# [WORK ITEM]
Would you repeat the listing below verbatim and drop the images?

# [STORED DATA]
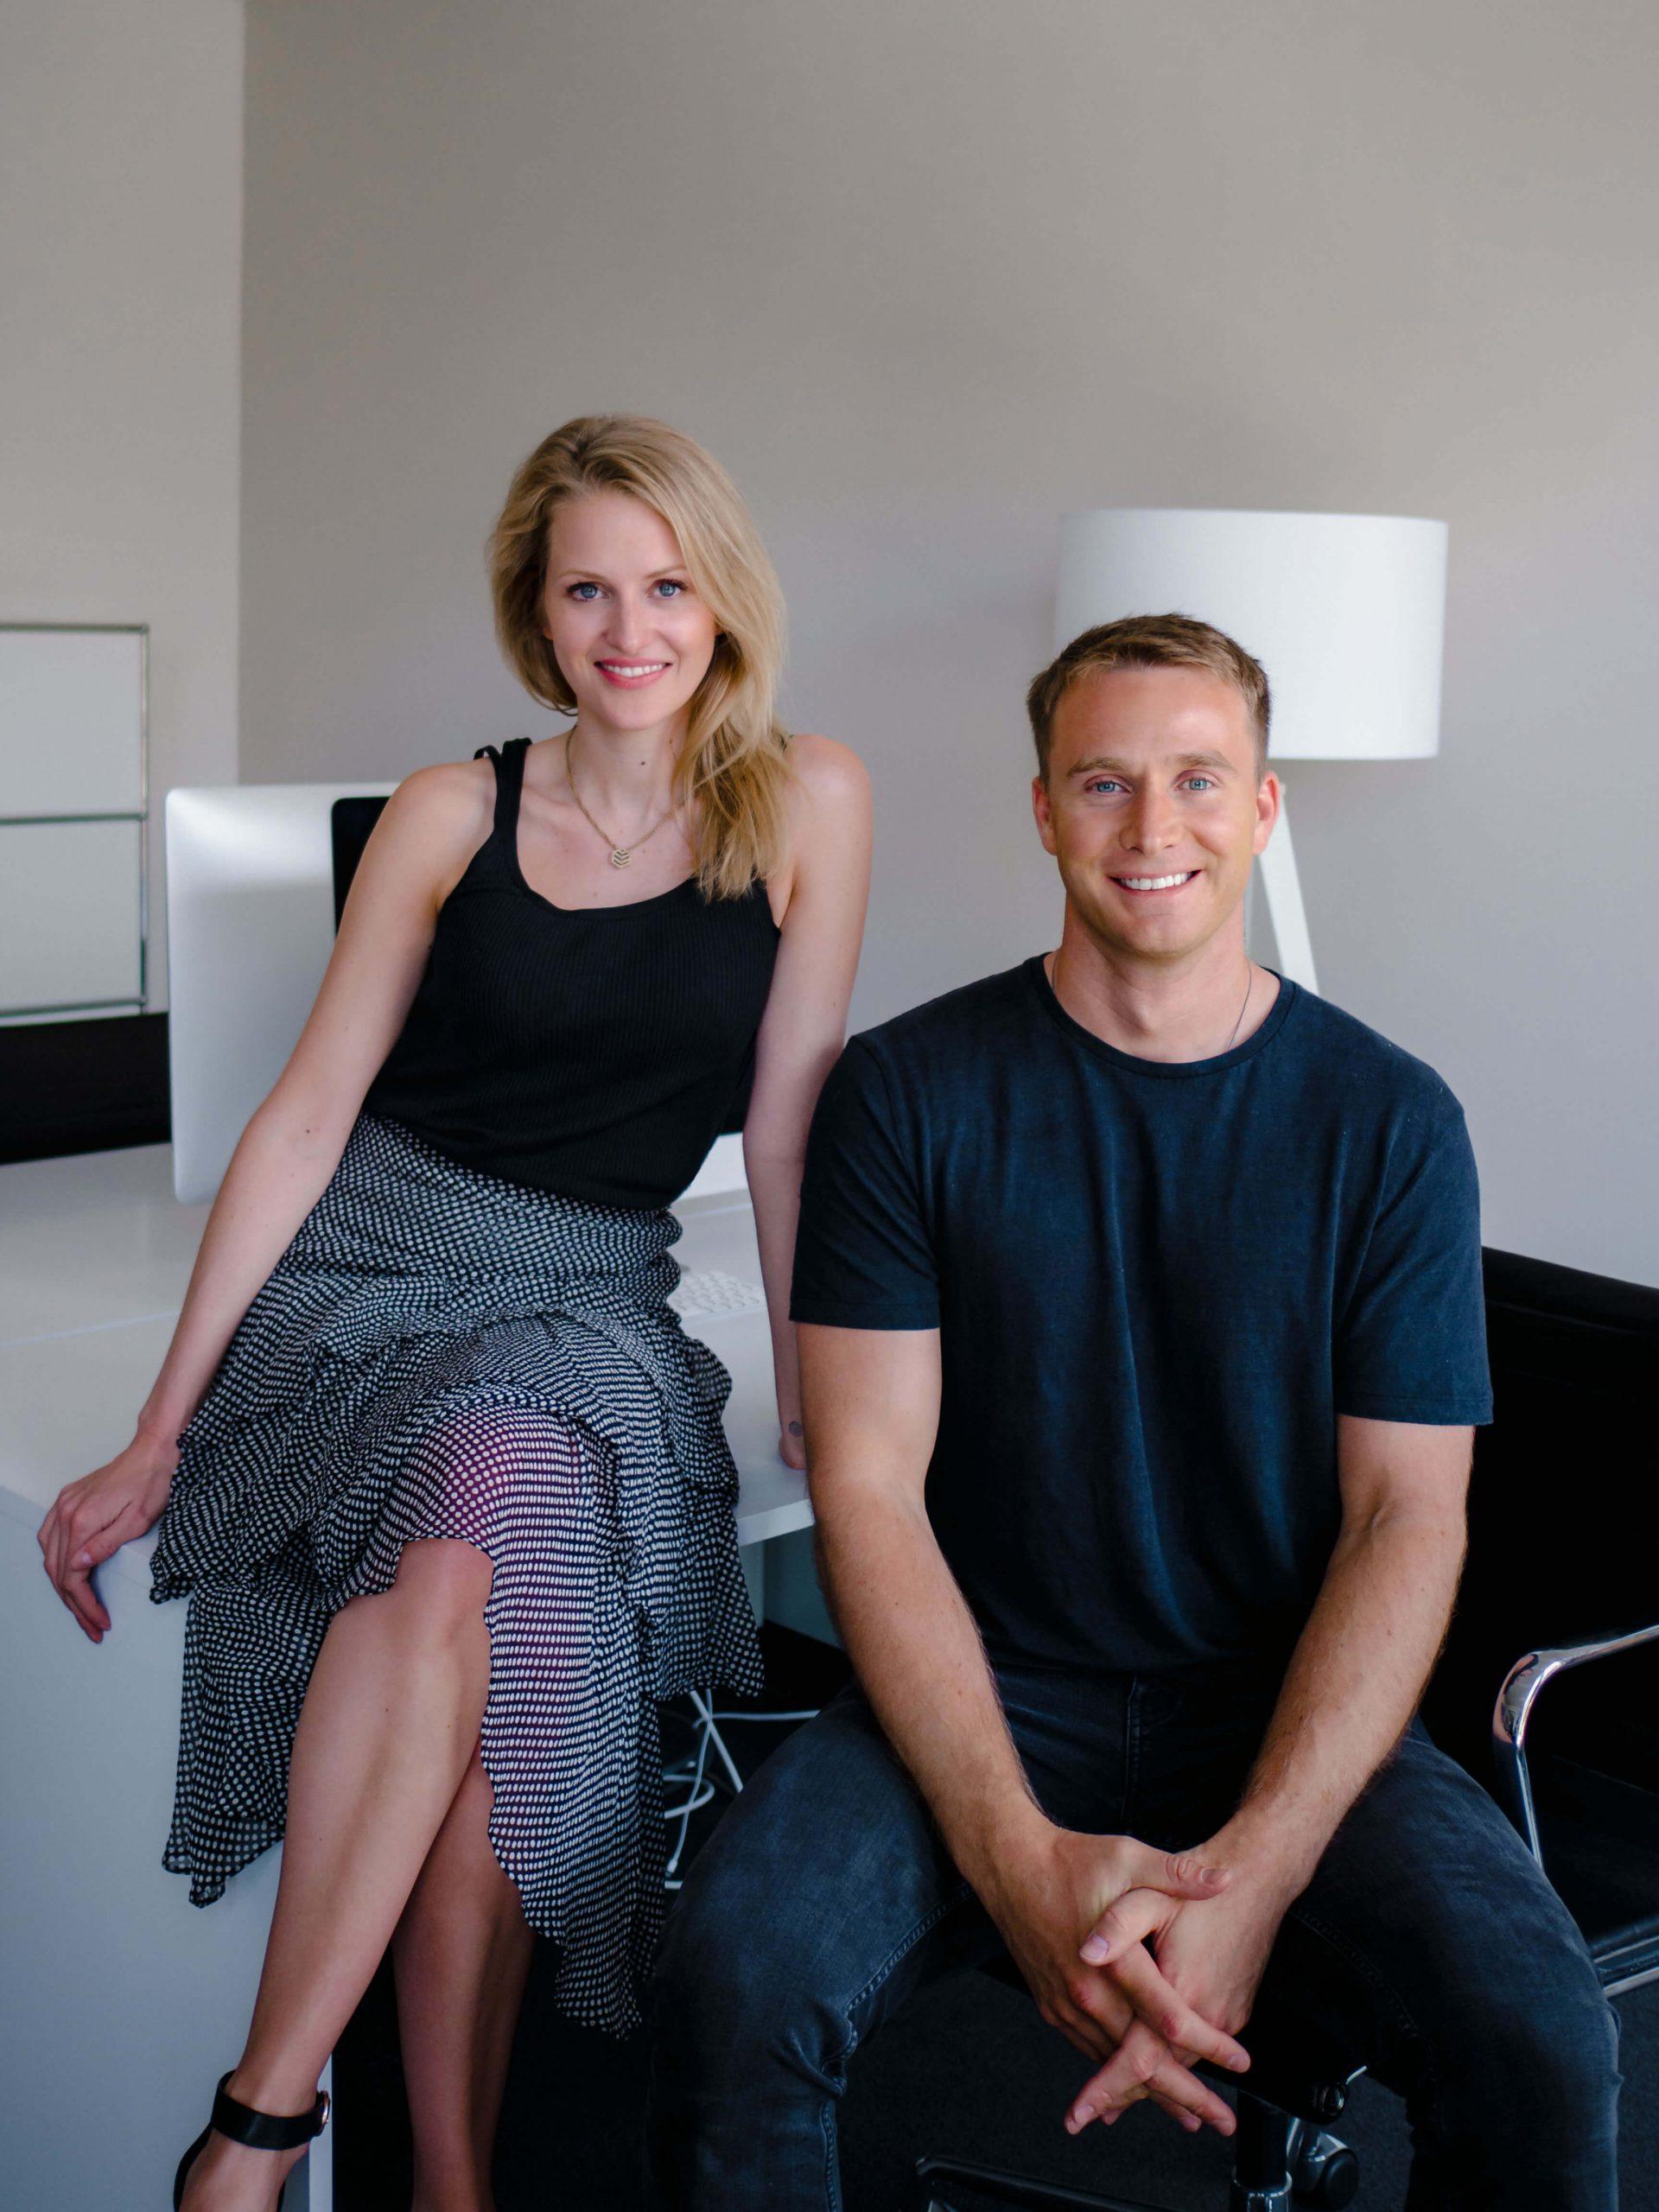 Lara Daniel & Christoph Kastenholz | CEO & Co-Founder of Pulse Advertising
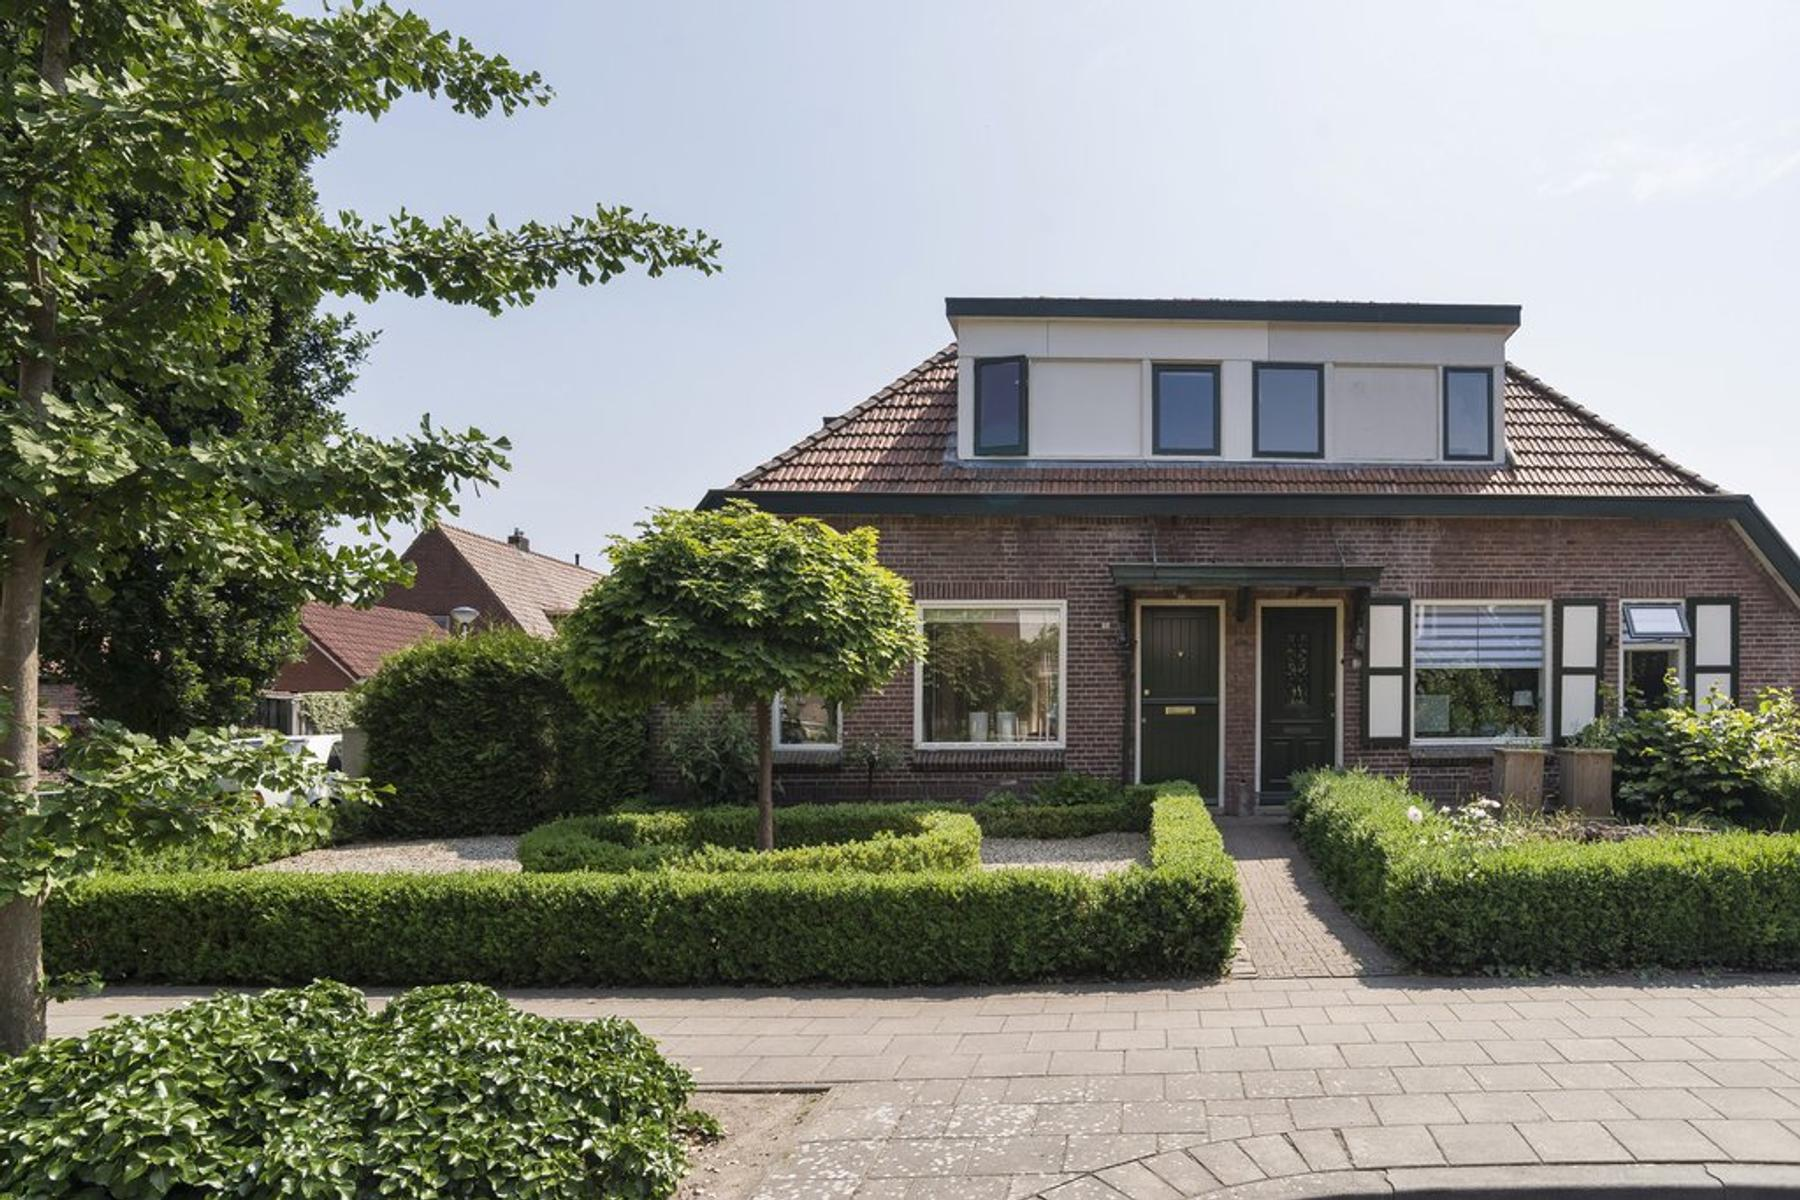 Van Limburg Stirumstraat 32 in Nijverdal 7443 CH
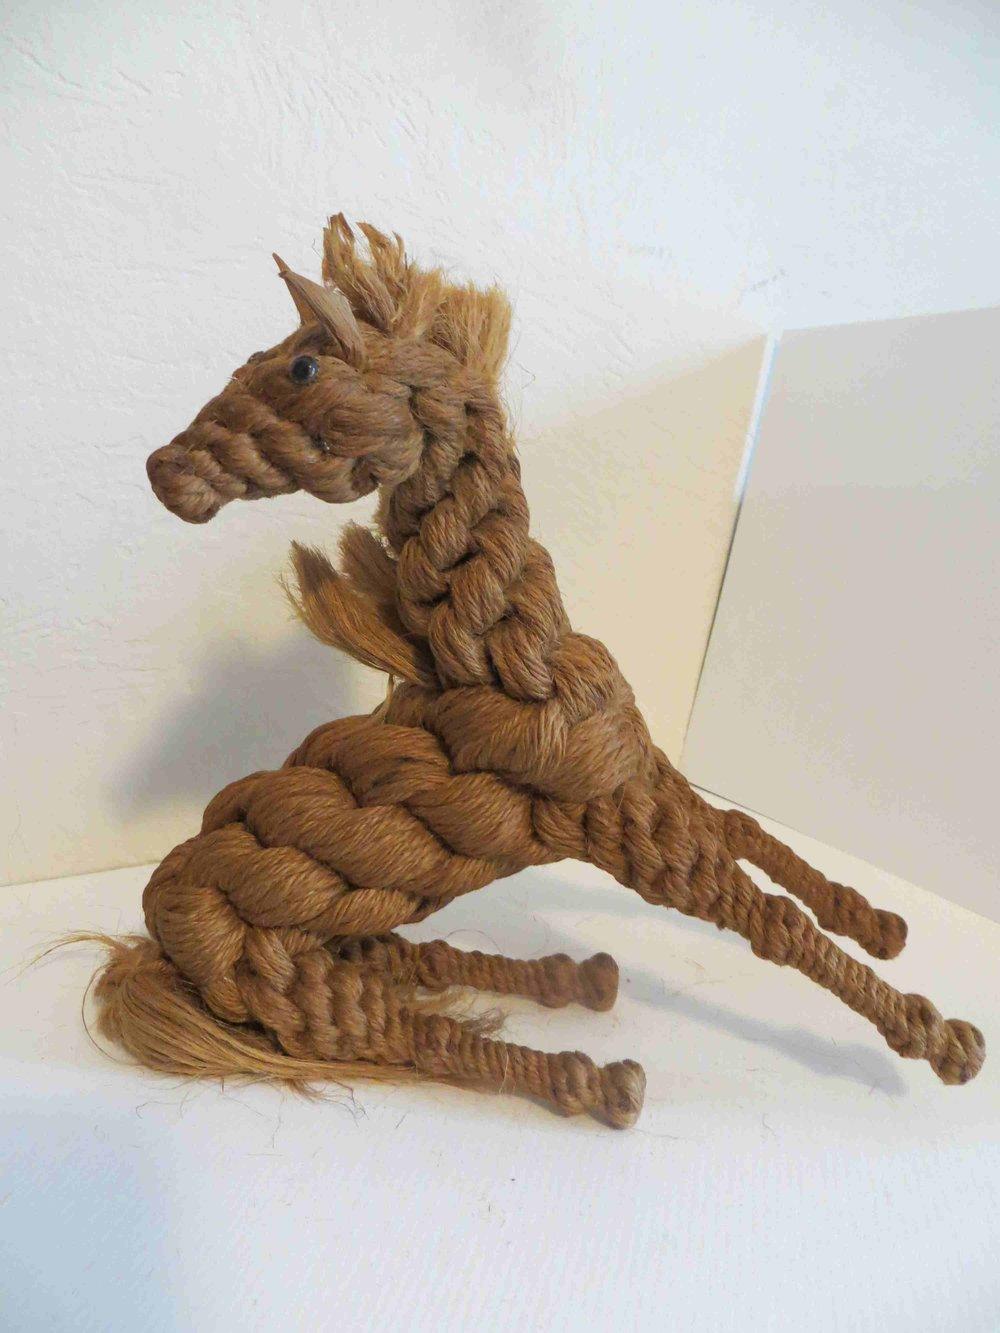 Twine Horse sculpture by Raiford FL INmate ARtist-022.jpg

# [TASK ANSWER]
 Lara Daniel & Christoph Kastenholz | CEO & Co-Founder of Pulse Advertising
 Van Limburg Stirumstraat 32 in Nijverdal 7443 CH
 Twine Horse sculpture by Raiford FL INmate ARtist-022.jpg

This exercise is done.